In mixed effects modelling longitudinal analyses of trajectories of HRSD–24 total scores over the ECT treatment course, there was a significant downwards trend for all electrode placements in the unadjusted and adjusted polynomial models (coefficients for linear and quadratic time effects for both models: Ps<0.0001) (Fig. 3). The model-fitted HRSD–24 means for bitemporal placement were significantly lower than those for right unilateral at visits two to eight (after ECT one to seven). The difference in covariate-adjusted HRSD–24 means between the bitemporal and right unilateral placements was approximately three HRSD–24 units over these time periods (visit two: difference in least squares means effect size (ES) = 2.54, Tukey–Kramer adjusted P = 0.058); visit three: ES = 2.90, adjusted P = 0.016; visit four: ES = 3.14, adjusted P = 0.013; visit five: ES = 3.25, adjusted P = 0.016; visit six: ES = 3.26, adjusted P = 0.022; visit seven: ES = 3.13, adjusted P = 0.037; visit eight: ES = 2.88, adjusted P = 0.085). The HRSD–24 means for bitemporal placement were significantly lower than those for bifrontal at visits three to five (after ECT two to four) (visit three: ES = 2.45, adjusted P = 0.047; visit four: ES = 2.60, adjusted P = 0.046; visit five: ES = 2.51, adjusted P = 0.081). The HRSD–24 means did not differ significantly for right unilateral compared with bifrontal placement at any time point. Among those who remitted, almost all (≥90%) of the remissions occurred within approximately 3 weeks of treatment (≤9 ECT). Participants remaining in the study up to visit nine were predominantly those for whom none of the treatments were effective (non-remitters). In further mixed effects modelling analyses, we restricted interest to the time period in which the early rapid decrease in symptoms occurred (e.g. after approximately 2 weeks of treatment). For this period, the rate of decrease in HRSD–24 scores for the bitemporal placement was significantly greater than that for right unilateral, indicating a more rapid rate of symptom reduction for this placement (bitemporal v. right unilateral: P = 0.029/0.026 for linear/quadratic terms in adjusted mixed effects modelling). Further, the bifrontal placement produced a decrease in symptom severity that was marginally significantly better than that of right unilateral over the early treatment period (bifrontal v. right unilateral: P = 0.109/0.084 for linear/quadratic terms in adjusted mixed effects modelling).

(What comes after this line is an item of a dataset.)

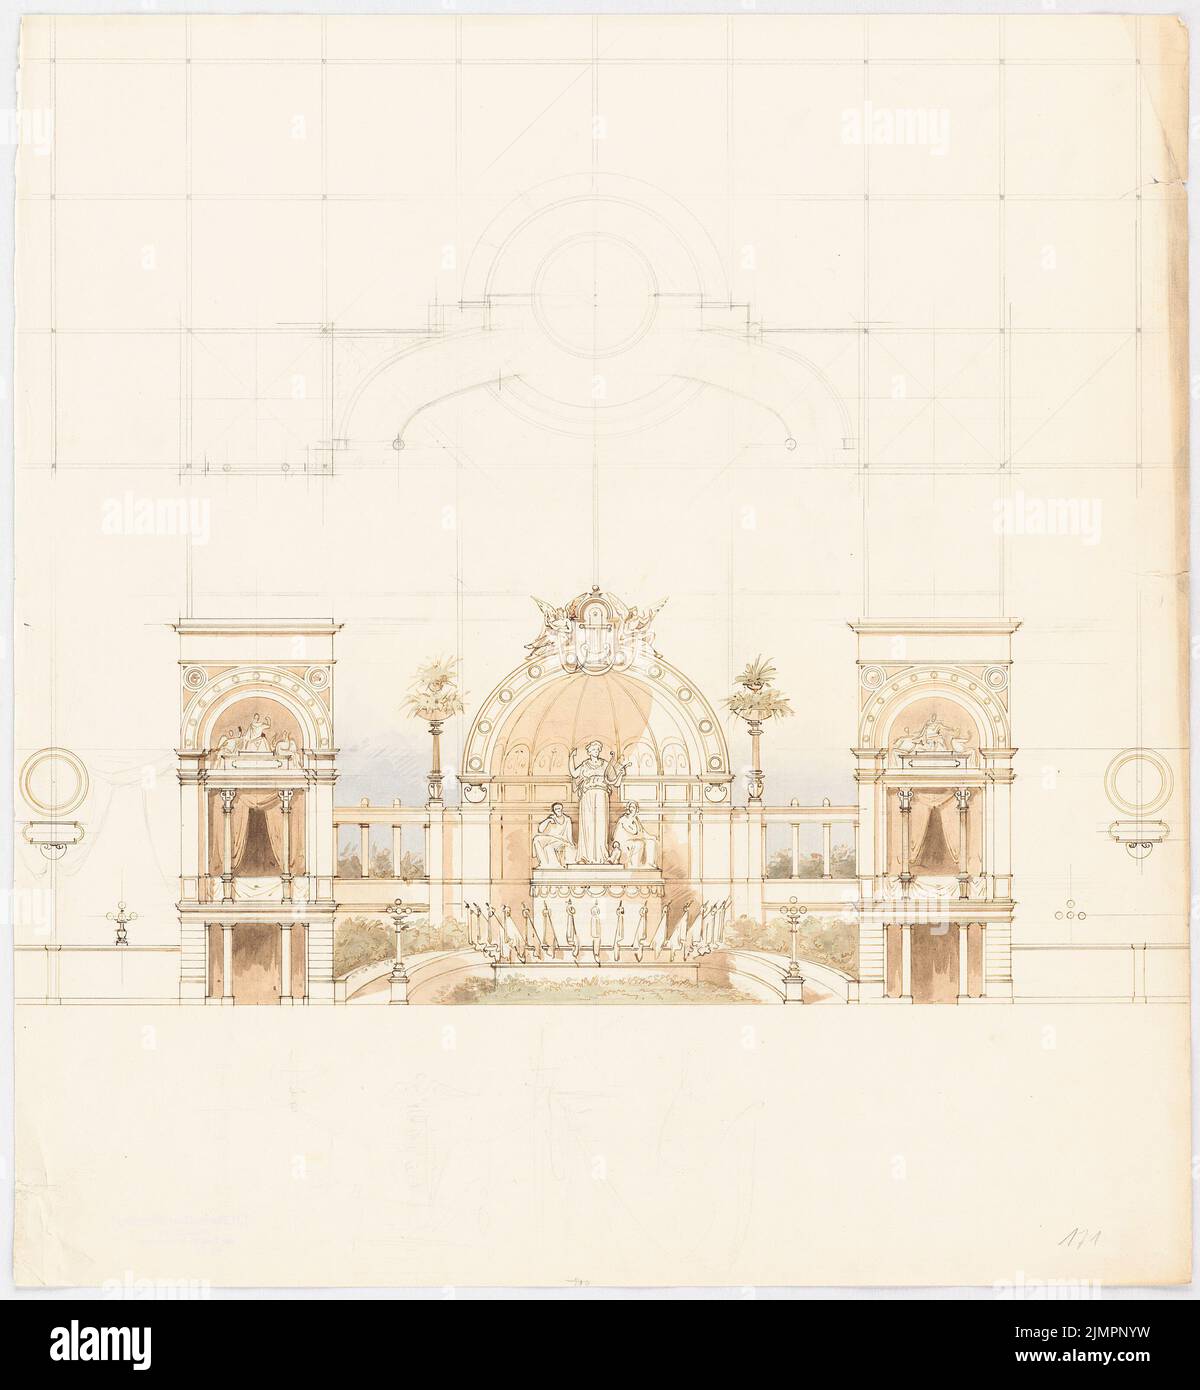 Lange Emil (1841-1926), glass palace in Munich. Remodeling (without date): Pavilion in front of the main entrance in floor plan and recourse. Pencil, ink watercolor on cardboard, 52.5 x 48.5 cm (including scan edges) Lange Emil  (1841-1926): Glaspalast, München. Umgestaltung Stock Photo

After only one ECT, there was a 10.6 (s.d. = 8.6) point reduction, on average, in symptom severity (decline in HRSD–24 total scores) for the three electrode placements combined. This early reduction in symptom severity after only one ECT represented approximately 48% (10.63/22.29) of the total decline in HRSD–24 scores over the full treatment period. The reduction in severity after one ECT within each electrode placement was: right unilateral 44.1% (9.28/21.03); bifrontal 47.7% (11.17/23.40); bitemporal 51.1% (11.45/22.40). The decline in HRSD–24 total scores after the first ECT was marginally greater for bitemporal compared with right unilateral (bitemporal v. right unilateral, P = 0.073 from general linear models adjusted for baseline HRSD–24, age, clinical centre, psychosis status, polarity). Comparisons of these early declines for right unilateral v. bifrontal and for bitemporal v. bifrontal were not statistically significant (right unilateral v. bifrontal, P = 0.251; bifrontal v. bitemporal, P = 0.791, from covariate-adjusted general linear models)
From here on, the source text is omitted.